Charlotte Walker, Coralville, Iowa

“I wish Donald well in his recovery, will take his advice regarding chest pains and will miss his columns that were islands of respite in the sea of madness that is this on-line posting, publishing, social media or whatever we call it place on the Internet where we go to read and write now.”
—Paul Deaton

“My thoughts are with you, Donald. I may be one of the few people in the country who can honestly state that I have every book you’ve published. I often feel like things have gone to far to keep fighting, but I’ve decided the alternative to fighting is dying, and I don’t think you’re any more ready to do that than I am. Take care of yourself.”
—Maciej P. Wojtkowski, Olsztyn, Poland

“I grew up in Iowa, nurtured on a weekly diet of ‘Over The Coffee’ in the Des Moines Register. Donald, you were my first 🙂 columnist that I read regularly. Your column about Pat Buchanan’s speech at the 1992 Rep. Convention is permanently laminated in my literary collection. I am wishing passionately for your complete physical recovery and hoping that you find the fortitude to keep writing. But mostly just get well!”

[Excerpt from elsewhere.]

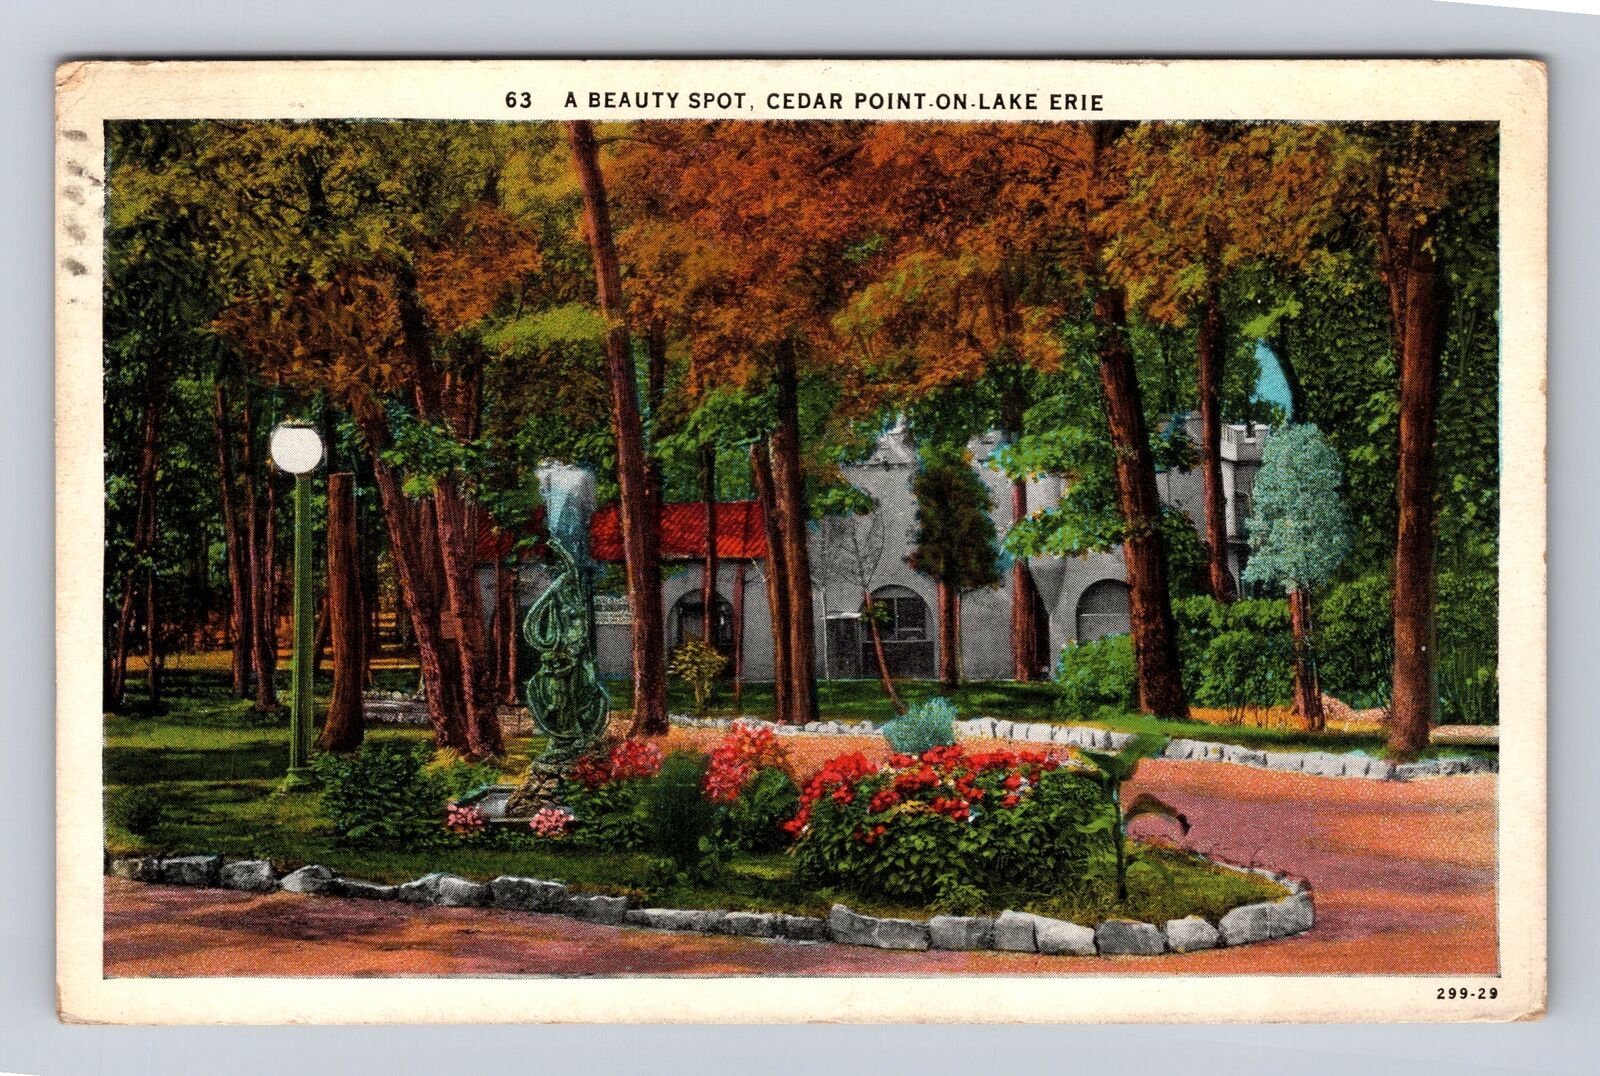 Cedar Point On Lake Erie, OH-Ohio, A Beauty Spot, Vintage c1930 Postcard

“Your columns have helped me cope with the madness that’s taking over. And while that might not suffice as a reason for you to continue writing, it’s not nothing. Here’s wishing you a long and happy life. Thank you for the many smiles, laughs and insights since I found Over The Coffee in the 1975.”

—John Kerr, Lee’s Summit, Missouri, formerly of Rockwell City, Carroll, and Ames, Iowa

“I and most everyone I know have been reading Kaul since we were kids. Congrats to Kaul on the positive prognosis and he deserves to live his life out happy for everything he has already given us. For us though, the world is a little less sane without his commentary.”
—Trish Nelson, University of Iowa

“So sorry to hear of your recent health problems but I wish you a full and speedy recovery. I also hope you will find the means to continue writing; your weekly editorial columns have always been a bright spot in this part of the Bible Belt.”